Exactly as they stand, repeat the lines from the one containing "Schneider Electric - Acti9, iTL" through the final line of the listing, both ends included, and nothing else; skip the pictures.

* DATA BELOW:
■ ■ ■ ■ ■

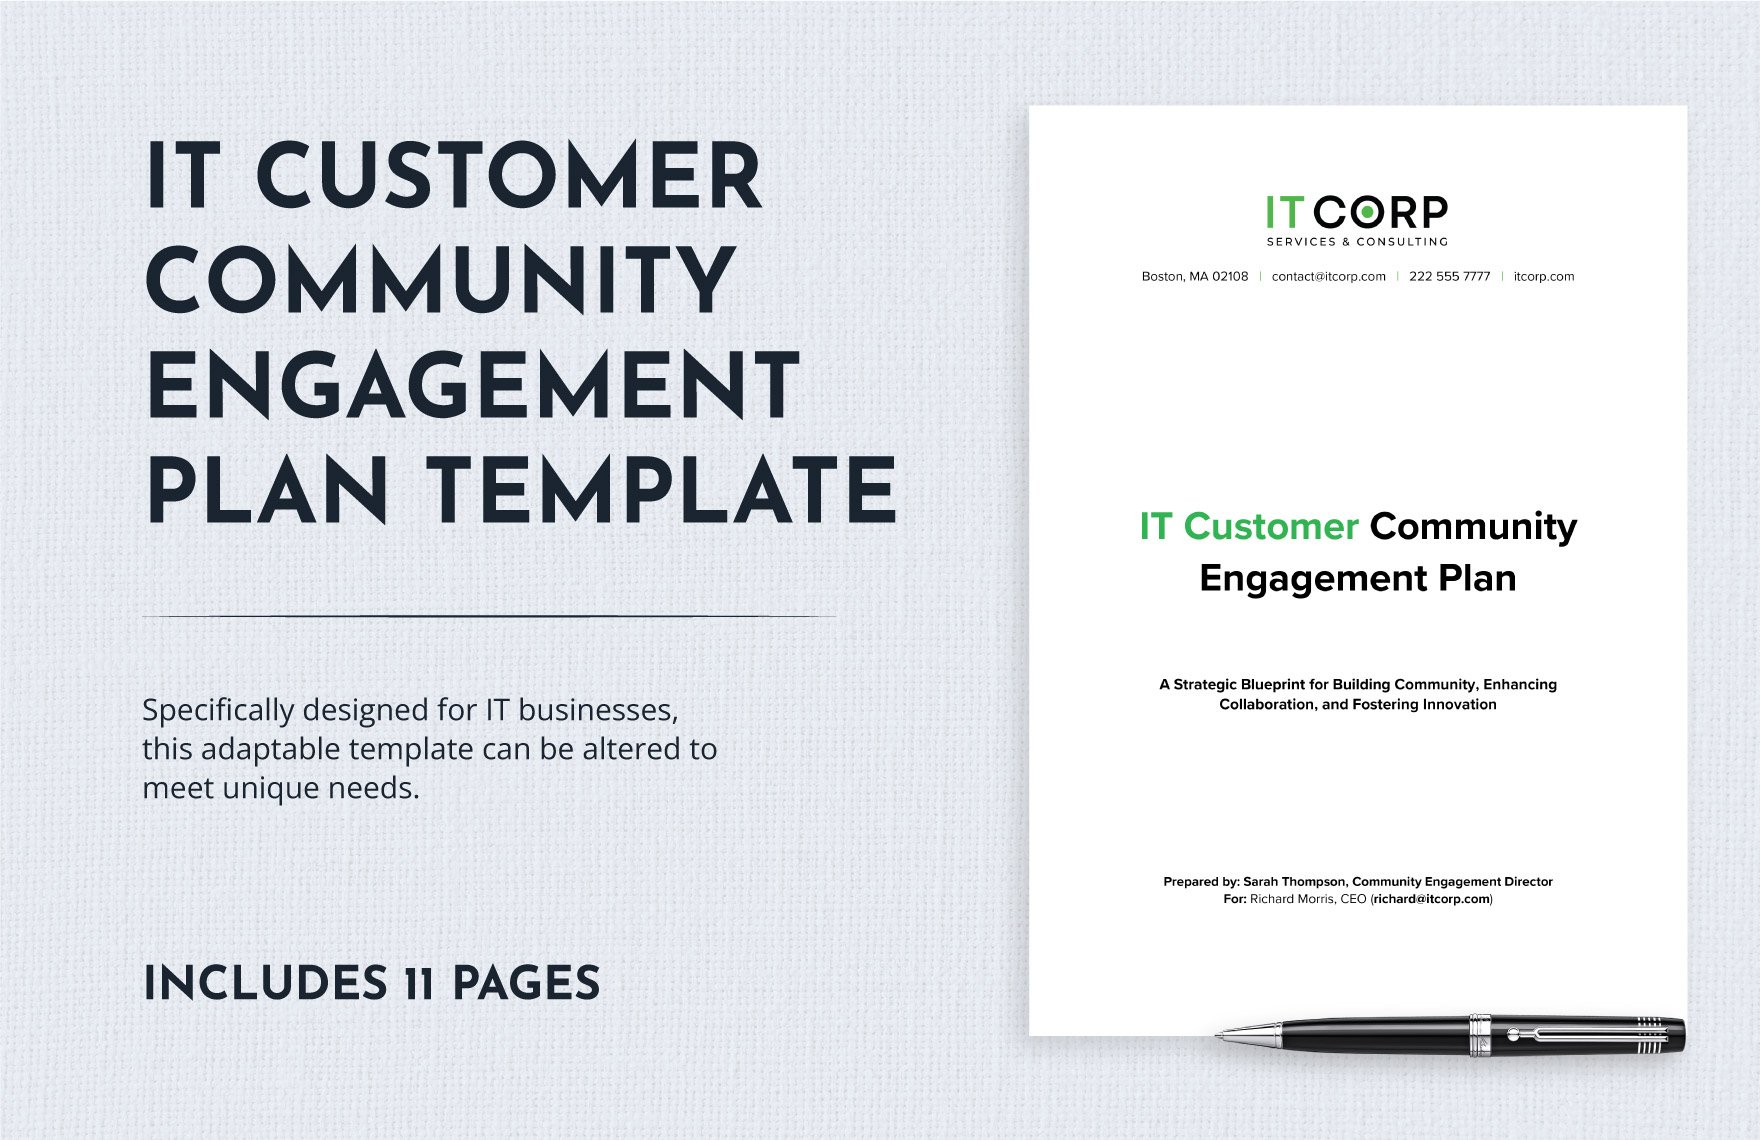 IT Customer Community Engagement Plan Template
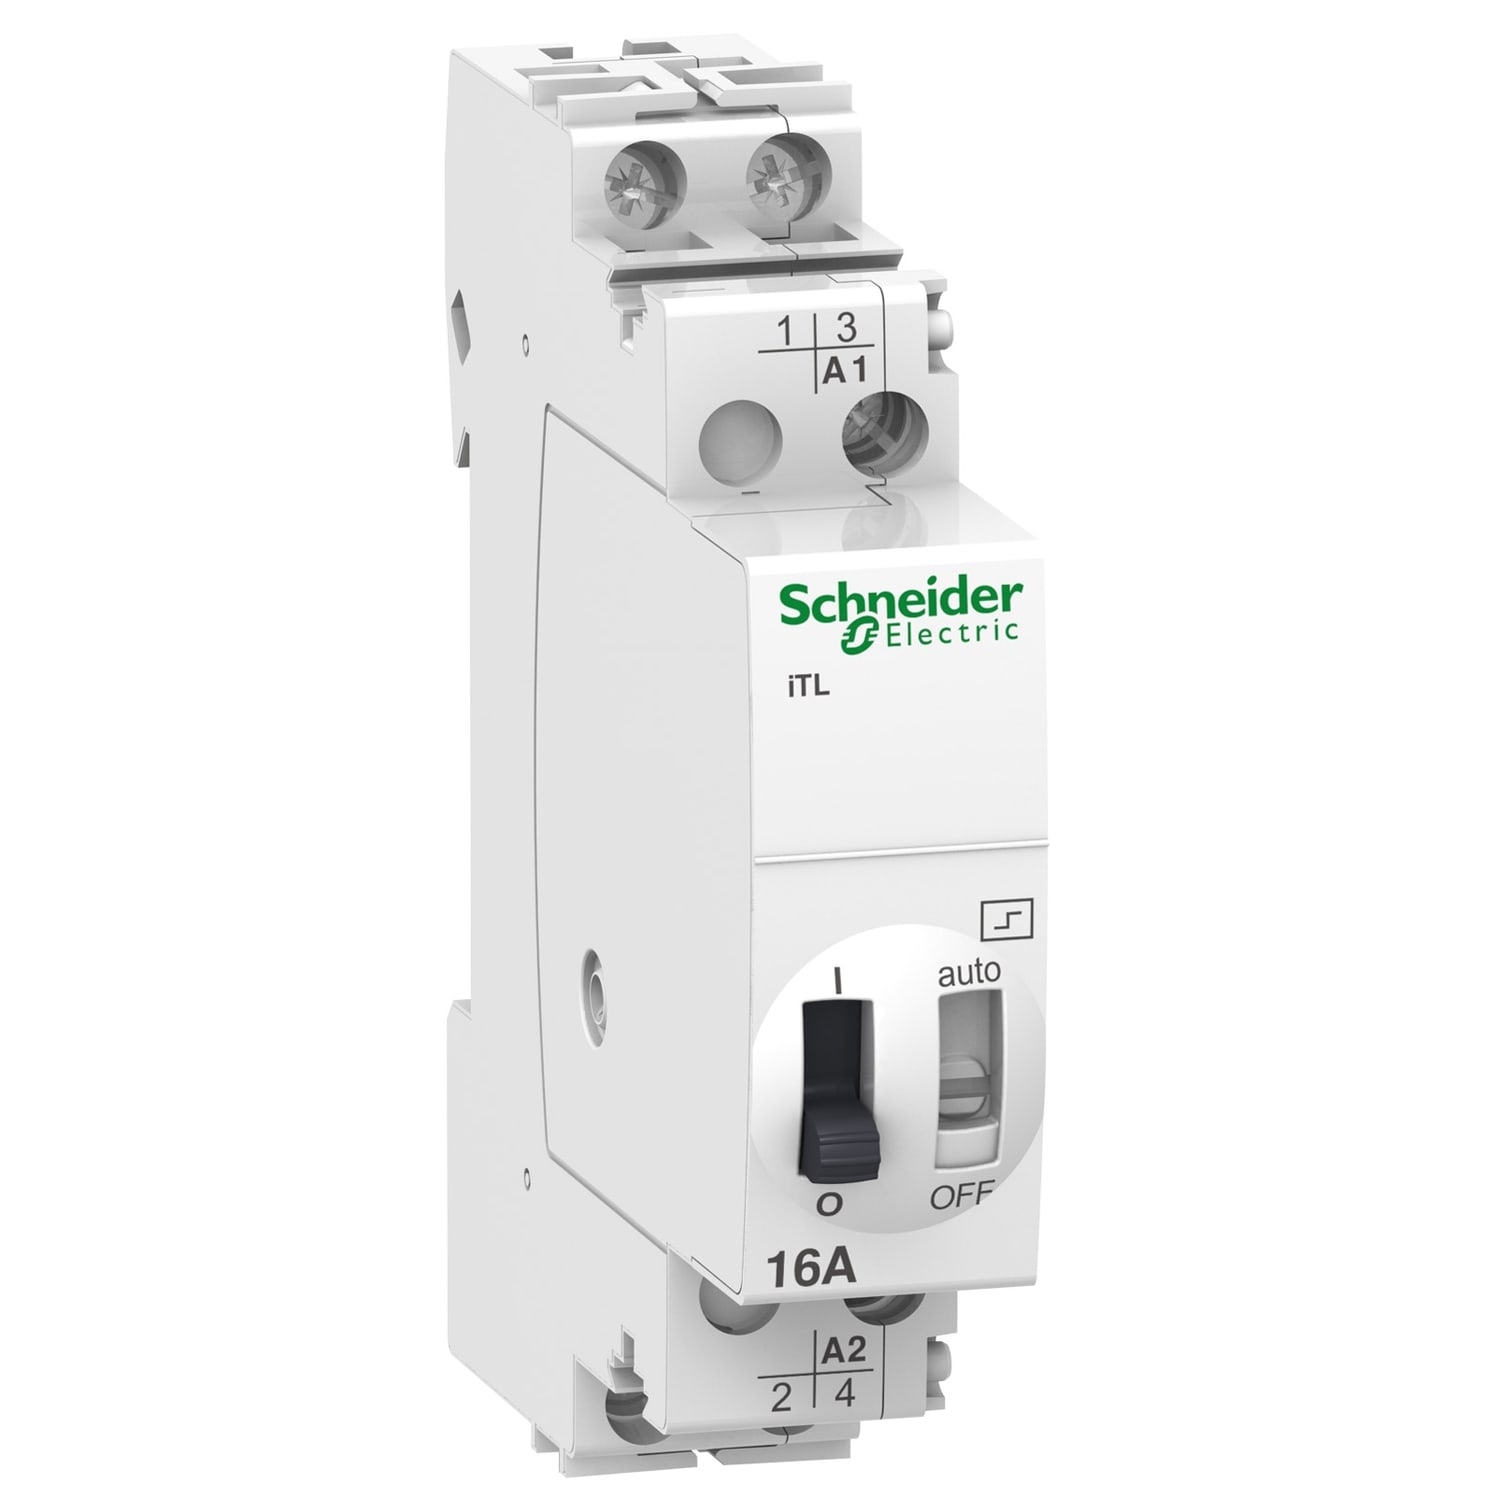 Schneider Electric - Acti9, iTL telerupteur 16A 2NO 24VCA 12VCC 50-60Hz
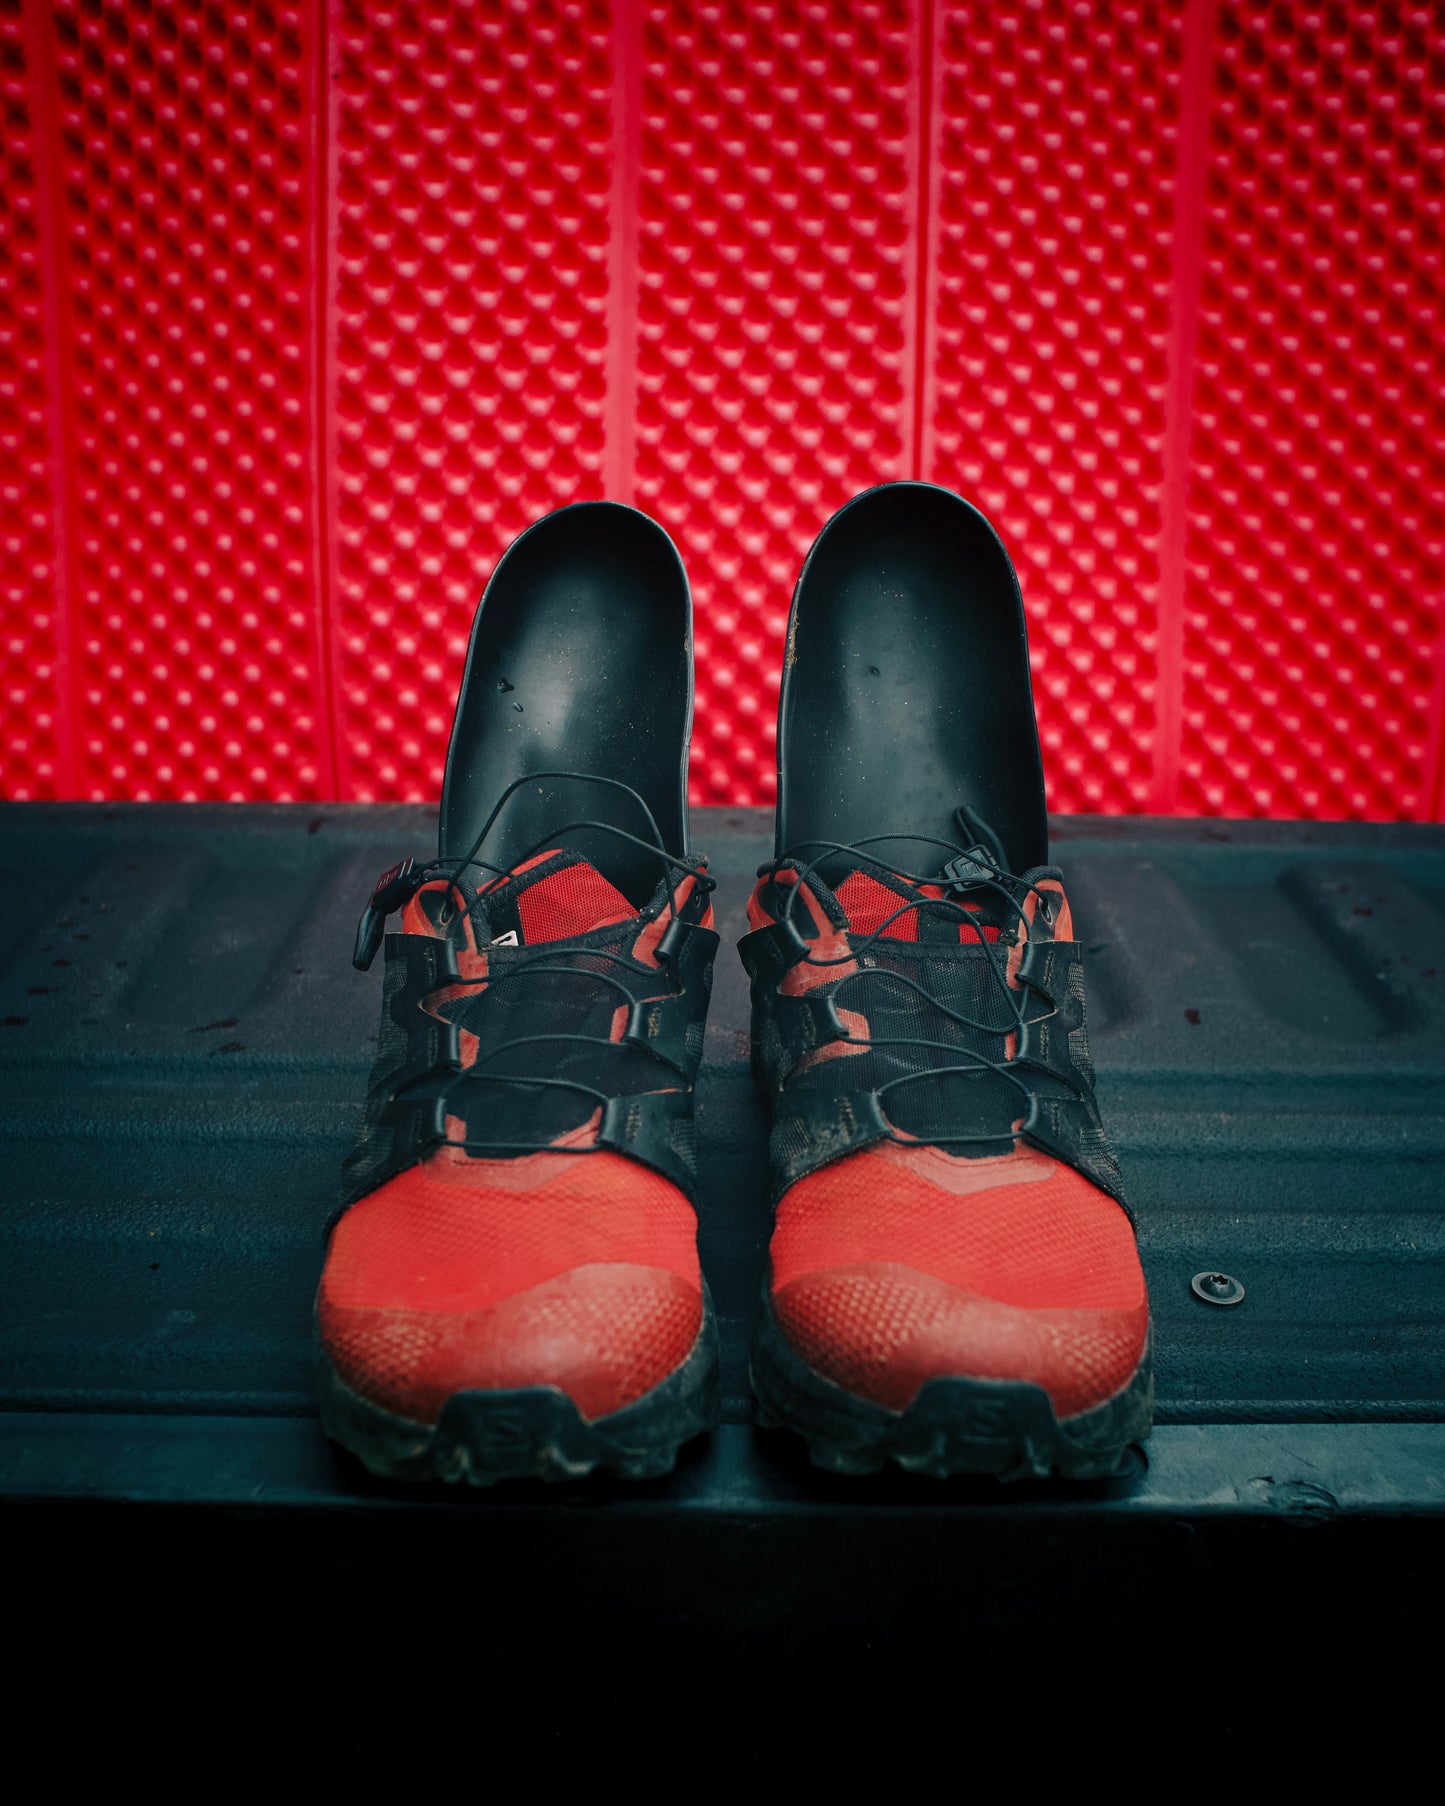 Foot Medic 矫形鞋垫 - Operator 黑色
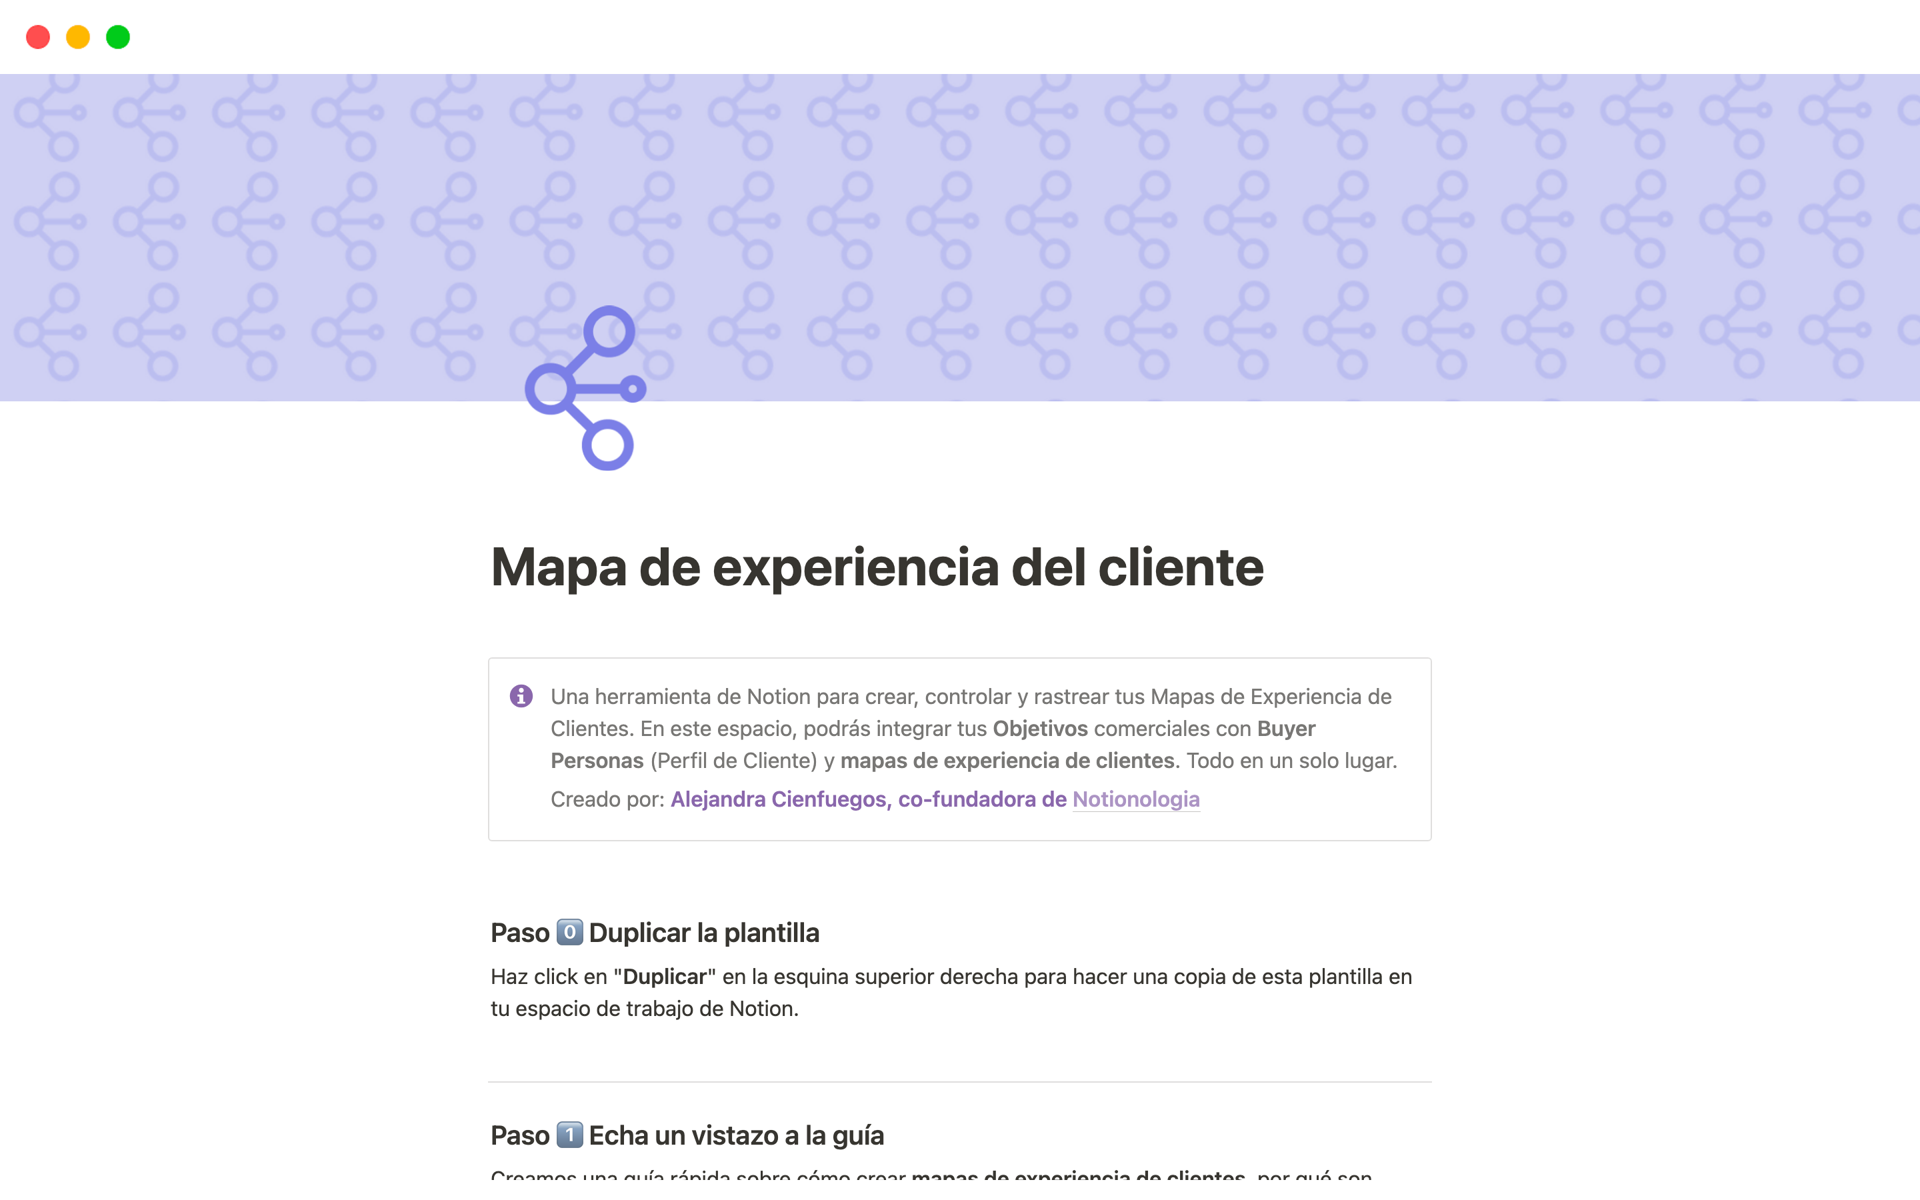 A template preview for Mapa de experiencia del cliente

■ ■ ■ ■ ■

* COMPLETED EXERCISE:
 Schneider Electric - Acti9, iTL telerupteur 16A 2NO 24VCA 12VCC 50-60Hz
 Foot Medic 矫形鞋垫 - Operator 黑色
 A template preview for Mapa de experiencia del cliente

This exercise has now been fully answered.